Тогда ты вспоминать не рад

о совести и чести...

В толпе никто не виноват

и все виновны вместе.

(«Я был в толпе...», 1976)

Может быть, его самого ждал такой же одинокий путь отвернувшегося от людей поэта?.. Может быть, он сам за­путался бы в своей двойственности между миром и войной, между добром и кулаками, между милосердием и свирепо­стью, между правдой и ложью. Между музыкой Грига и пьяным Витей, калечащим свою подругу.
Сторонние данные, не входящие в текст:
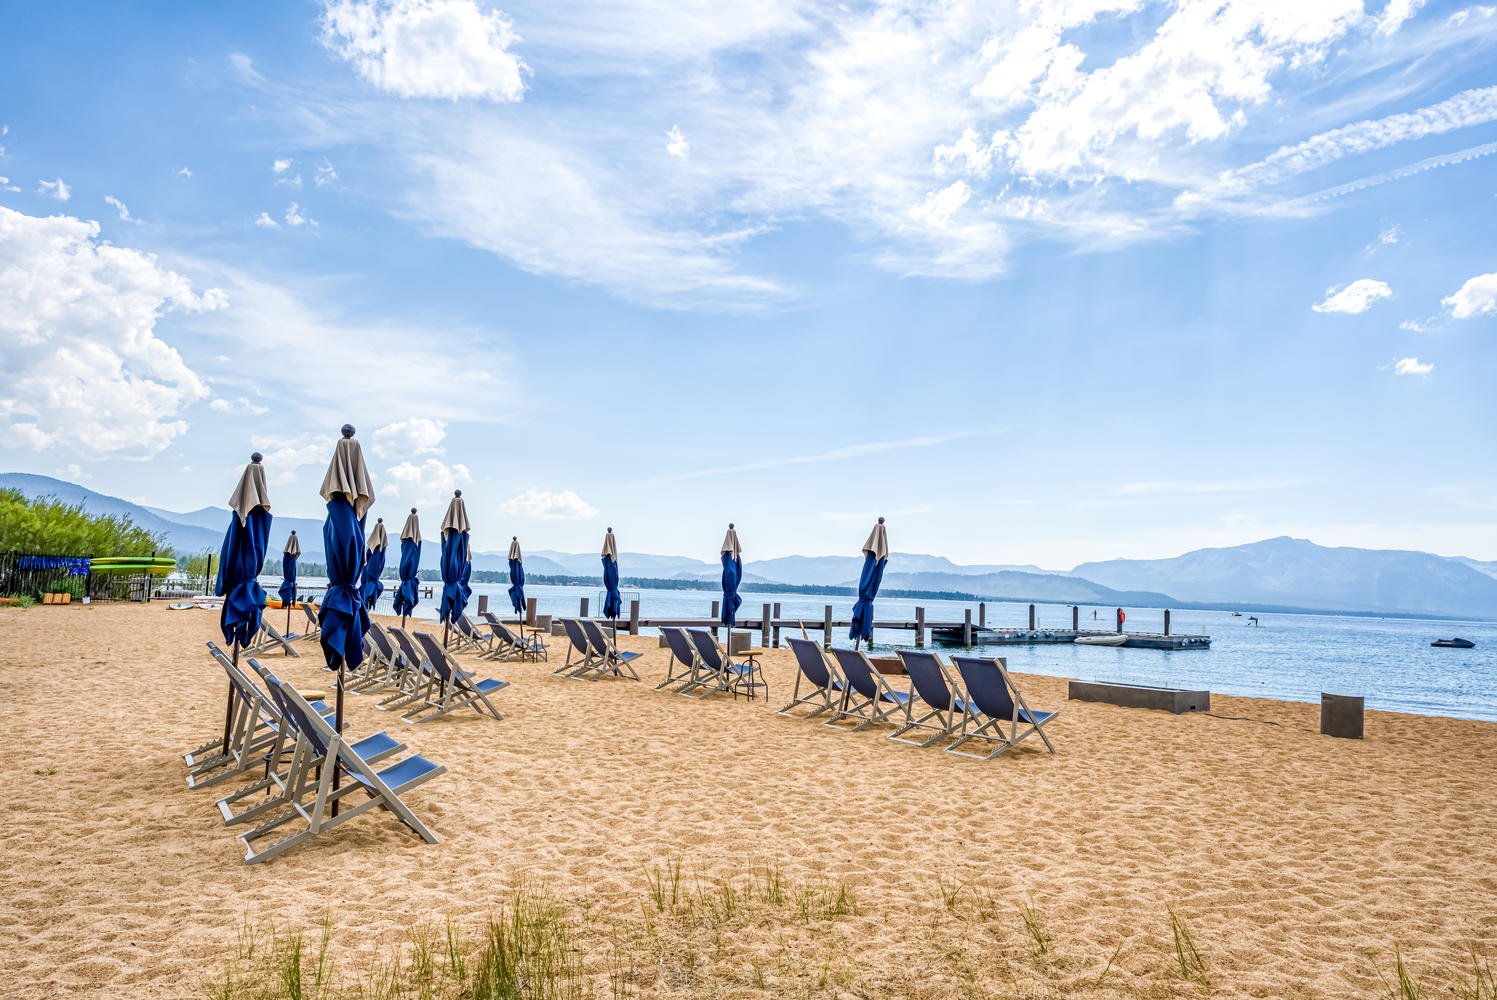 Tahoe Beach Club's private beach, where rows of beach chairs and vibrant umbrellas dot the sandy landscape. (Copy) (Copy)

Между всем вы­соким, за что цеплялась эмоциональная и нежная душа по­эта, и всем низким, что вынуждала принимать рациональ­ная, борющаяся за жизнь плоть.

Коль мир суров и столько зла

еще таится в древнем чреве,

что даже лайка у костра

вдруг ощетинилась во гневе.

И потому, хоть сам не рад,

чтоб сердцу не было тревожней,

рукой нащупаешь приклад -

с ним как-то засыпать надежней.

(«Во тьме раздался странный звук...», 1979)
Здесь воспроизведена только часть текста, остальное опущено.